The second group living in the Yellow Hills are the Great Goblin Encampment of Thanorek Thanorek is one of the least powerful goblin encampments in terms of its ability to wage war, but it is widely regarded as a place of pleasure and excess where those with the coin can purchase all manner of intoxicants and carnal experiences. Thanorek is run by a Hobgoblin named Niu Bo Wei.

Niu Bo Wei is a sybarite and hedonist; he does not care for the responsibilities that leading the Thanorek encampment imposes on him, but he does thoroughly enjoy the pleasures that his position allows. Niu Bo Wei maintains power mostly through his intense charisma and charming decadence—he sees his encampment as the worlds greatest brothel,  where all are welcome and where all appetites are satisfied.

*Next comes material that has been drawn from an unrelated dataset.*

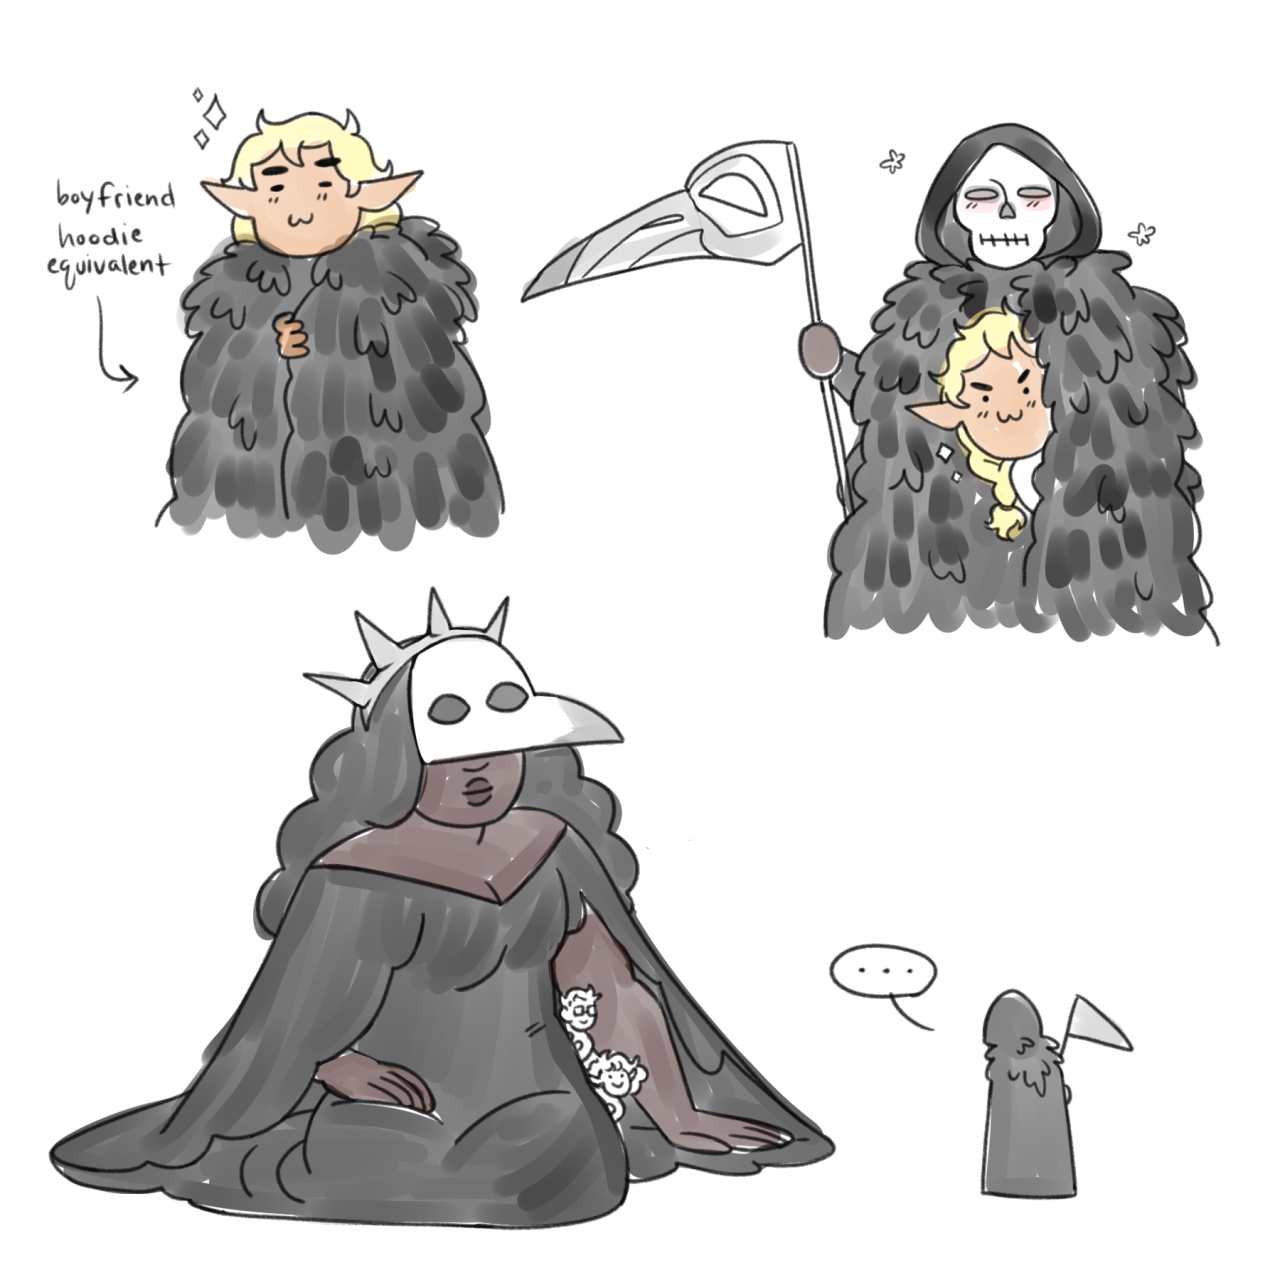 herbgerblin:[id: three doodles. Top left is Taako, an elven man wearing a dark, feathered cloak. There are sparkles near his head and a caption pointing to him that reads,” boyfriend hoodie equivalent.” Top right shows Kravitz, the grim reaper, in

While most goblin hordes move from place to place the Thanorek encampment, is more permanent having been built around The Brazier; a fire pit made of rune-etched iron in which an efreeti is bound by magic. The goblins of Thanorek worship the “Flame Lord” as a god, but the efreeti wishes only to be fre
ed. The majority of Thanoreks population are goblins, hobgoblins, and bugbears, but all races are welcome and it is not uncommon for people to come to Thanorek to disappear or hide frome their troubles. The goblin locals live in low round yurts, and live a hunter gatherer lifestyle for the most part. The pleasure domes, decorated in garish colors, some laced with magic pigments that sear into the eyes of those who view them, are large and varied. It is said there is no pleasure in the Material Realm that Thanorek cannot provide, and few pleasures beyond the material which it cannot find for the man with the right coin.